El gobierno de Duhalde aceptó estos requerimientos y un buen ejemplo de ello son las expresiones públicas del propio Ruckauf. Si bien el canciller hace siempre hincapié en la conveniencia de que la guerra sea una decisión del Consejo de Seguridad, la verdad es que pone más énfasis en describir las condiciones del régimen de Saddam Hussein, ciertamente autócrata y sanguinario, y en destacar los peligros que presupone el terrorismo para la seguridad internacional.
Incluso, la sutileza diplomática no fue bien entendida por las oficinas del Presidente. Hace una semana, justo un día antes de la conversación telefónica entre Duhalde y George W. Bush, voceros del mandatario argentino formularon declaraciones de un pacifismo intolerable para las necesidades internacionales de Washington.
El embajador argentino en Washington, Eduardo Amadeo, reclamó en el acto una rectificación de las declaraciones, porque arriesgaban la conversación presidencial del día siguiente. La rectificación se hizo y Duhalde ordenó que sólo la cancillería o el presidente hablarían en público del conflicto.
Las relaciones con Brasil
Otro serio límite para el gobierno argentino lo coloca la propia naturaleza de la relación con Brasil, que atraviesa por la mejor época desde mediados de los años 90. Brasil nunca digirió la decisión del ex presidente Carlos Menem de enviar tropas a la guerra del Golfo sin previa consulta con sus vecinos y aliados.

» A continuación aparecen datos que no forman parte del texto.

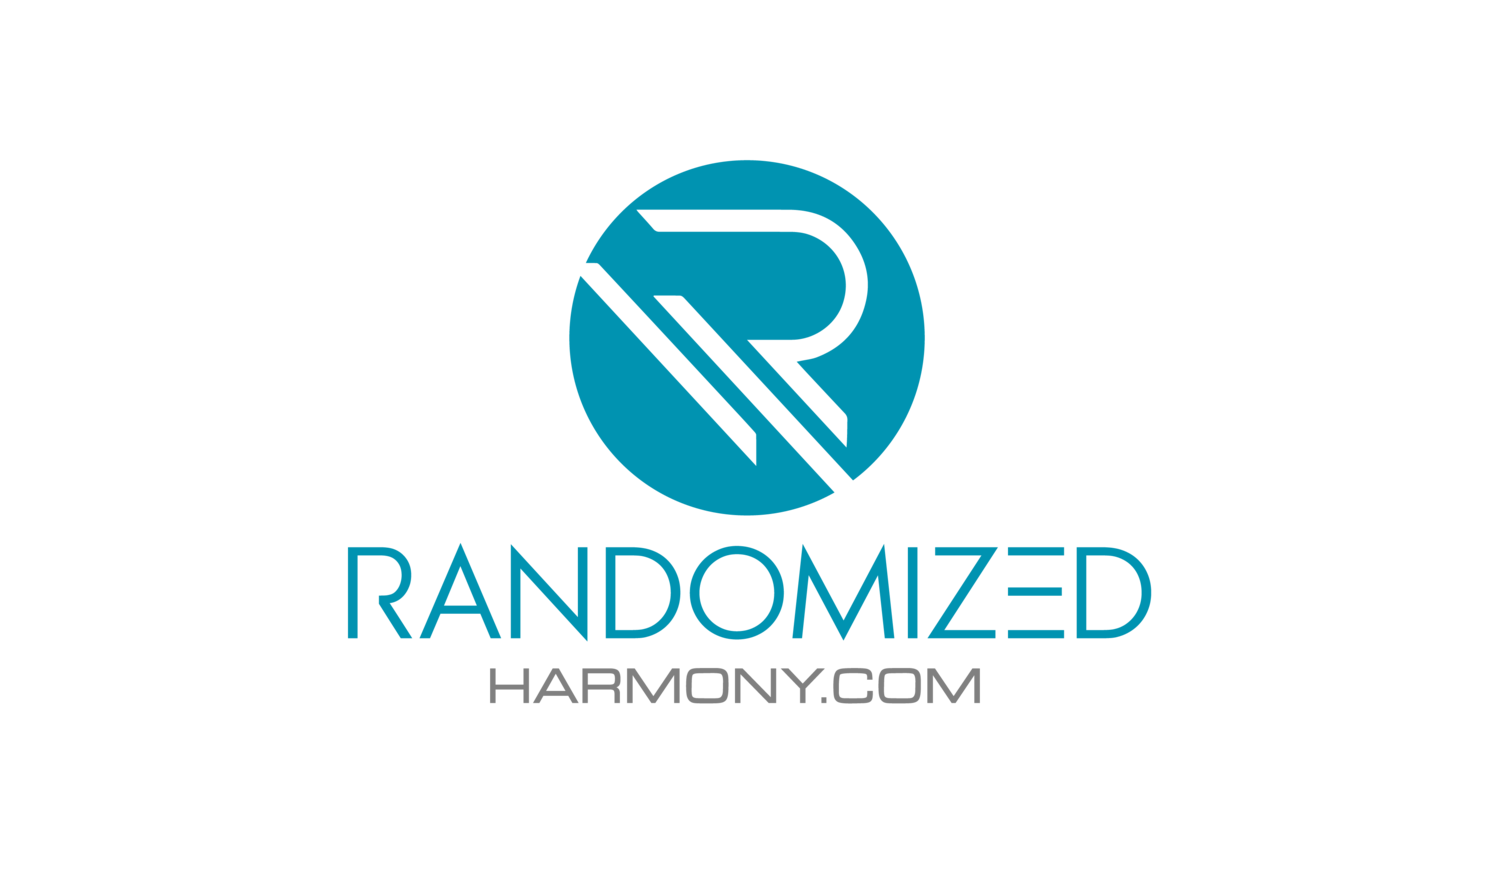 RandomizedHarmony
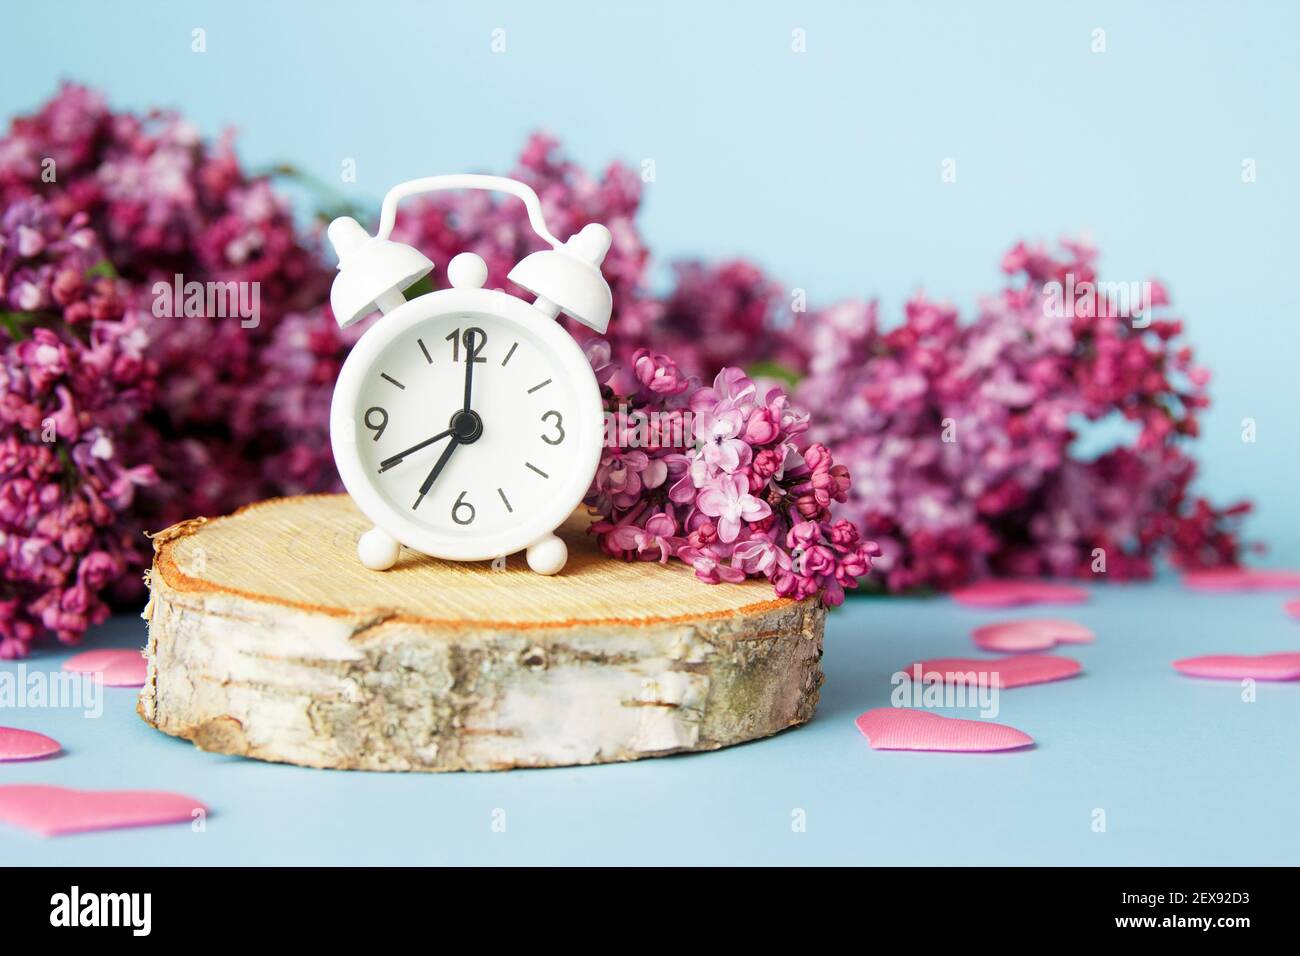 Flieder Blumen mit vintage winzig Wecker auf blauem Hintergrund. Frühlingshafte Morgenkonzeption. Stockfoto

La administración del presidente Lula podría enviar también ayuda humanitaria a Irak, pero no está dispuesto a anunciarlo previamente para no provocar el efecto de homologación que, de hecho, promovió la Argentina.
De todos modos, Washington asegura que sus tropas desembarcarán en tierra iraquí con el acuerdo explícito de diez países latinoamericanos y con soldados provenientes de dos naciones de la América hispanohablante. Un país será Colombia; el otro es un misterio aún para las cancillerías de la región.
A su vez, Brasil siempre colocó sobre la mesa, para continuar los trabajos de integración del Mercosur, dos condiciones tácitas: un sistema monetario parecido entre los integrantes de la coalición del sur americano (esto es, no ve con buenos ojos ni la dolarización ni la convertibilidad ni un método bimonetario en la Argentina) y una política común para los acuerdos comerciales, y de consulta permanente en materia de posiciones políticas internacionales.
La Argentina del gobierno de Duhalde se encaminó sola hacia la conformación de ese escenario: rige aquí el mismo sistema de flotación de la moneda que existe en Brasil y ambos países se comprometieron a llevar una posición común en las negociaciones con Washington por el ALCA, el proyecto norteamericano de integración del continente. Esos acuerdos llenaron de alborozo al canciller brasileño, el sutil diplomático de carrera Celso Amorim, en su reciente visita a Buenos Aires.
Sin consenso interno político y social para acompañar la guerra, y con esos condicionamientos por parte del principal socio comercial del país, al gobierno de Duhalde sólo le quedaba tomar distancia de la neutralidad, una actitud que hubiera sido imperdonable para la Casa Blanca. Así, encontró el camino de una homologación implícita.